Penso no antigo Hospital Termal das Caldas, no jardim onde tantas vezes os meus pés provaram o orvalho e os meu corpo a frescura das margaridas. Uma agonia aperta-me em dor com este pensamento de pura beleza; saudades, talvez. Medo. Haverá algo mais do que o que vivo? Pairo num sonho frágil que por vezes me deixa cair no chão. E aí não existem margaridas para me suportarem a queda. Quão maravilhoso é deixarmo-nos cair para o buraco! Mas depois de vermos que o sonho é uma doce desilusão a queda deixa de ser uma esperança para se tornar num olhar cansado. Todas as escolhas que fiz sempre pensei que seriam as mais acertadas, e agora que fiz uma que sei que está certa quero afasta-me dela. A minha cabeça distorce os rostos. "Bon courage!" Tento. Na primeira inspiração de cada dia olho para o chão, onde os pequenos raios de Sol espretam. Não consigo ver nada de belo na beleza das coisas simples. Estou-me a tornar num atómato sem forças para remar contra a corrente. As coisas magnificas que já vivi estão a fugir da minha memória, dando espaço para todas as coisas rotineiras e obrigatórias. Obriga-me a ser quem era. Apaga-me as magoas que tenho. O futuro angustia-me tanto que não paro de olhar para trás a procurar culpados pelos meus medos e frustrações. A pergunta "porquê" voltou a corroír-me como ácido. O meu coração grita em taquicardia, o meu cerebro revolta-se em convulsões, os meus olhos vestem-se de negro e eu já não me sinto eu neste corpo. E tu perguntas, porquê continuar? E eu respondo, porque tenho medo de sentir a tranquilidade.

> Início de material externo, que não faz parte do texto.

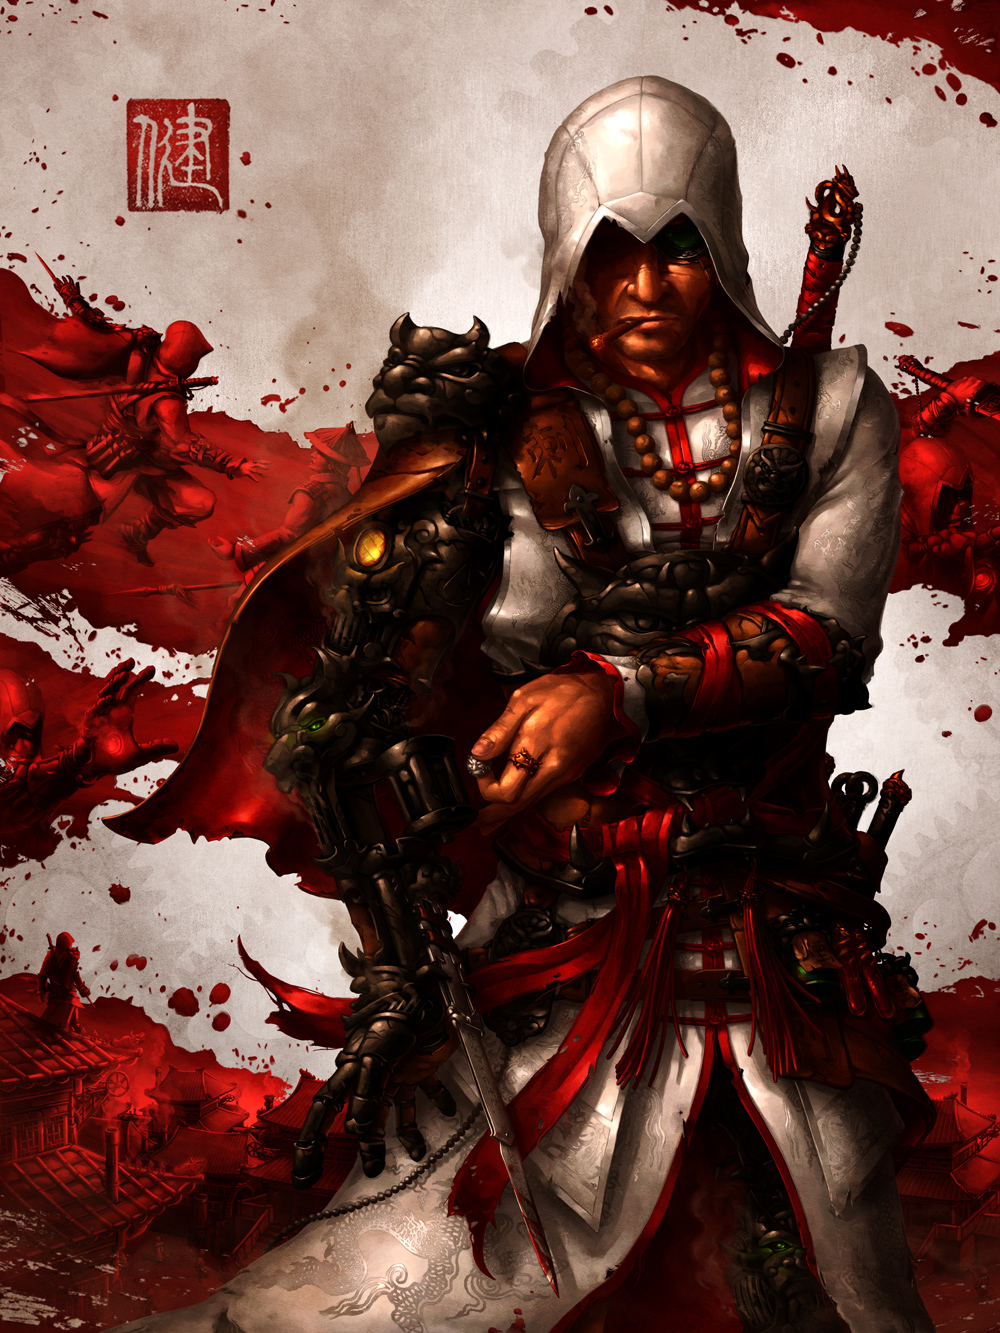 Ассасин крид арт. Ассасин Крид Ронин. Assassins Creed Art. Японский ассасин Крид. Ассасин боец.

terça-feira, 15 de janeiro de 2013

águas mil

Bom dia noite nova! Vens para me cobrir com a tua companhia severa? Deixa-me respirar um pouco - ajuda-me a manter a cabeça à tona, por favor. Era tão bom se em ti houvesse uma espécie de amor aultruísta, mesmo que hipócrita. As minhas papoilas estão a secar. Anseio que a Primavera chegue para as beijar com o folego de todas as coisas boas que estão para vir. Tomei a medicação em seco. Toda eu sou um ser desidratado. O grito não se solta, está preso na minha garganta, a arranha-la, e toda a minha bocajá está boa de beijar, importas-te com o sangue que escorre? Prova-o mesmo assim, fresco, violento, talvez o seu sabor a metal crie uma corrente entre as nossas bocas. A minha incapacidade de gritar deixa-me afónica antes de o fazer. Esbocei gestos mas não viste e foste. Adeus, que é um adeus defenitivo, porque tudo me foi roubado pela minha propria e genial capaciade de nada poder fazer contra os maleficios do destino, nem contra os maleficios da liberdade. Doêm-me os olhos das lagrimas que não consigo explusar. Dói-me a cabeça do peso dos meus pensamentos. Entro pela porta dos fundos para a felicidade mas ela afinal estava no jardim a gozar os primeiros raios de sol da noite. É que afinal o tempo também dói, os ponteiros cravam-se na minha pele a cada tic-tac que solta. Olha para trás; vê aqueles momentos maravilhosos que tivemos. Sabes? Guardei-os todos numa caixa que atirei ao mar. (A caixa deu à costa minutos depois, com todos eles ensopados com a solução água e sódio. Penso no porquê de o mar não o guardar.) O comboio passa. O frio espera-o com estações vazias de sonhos.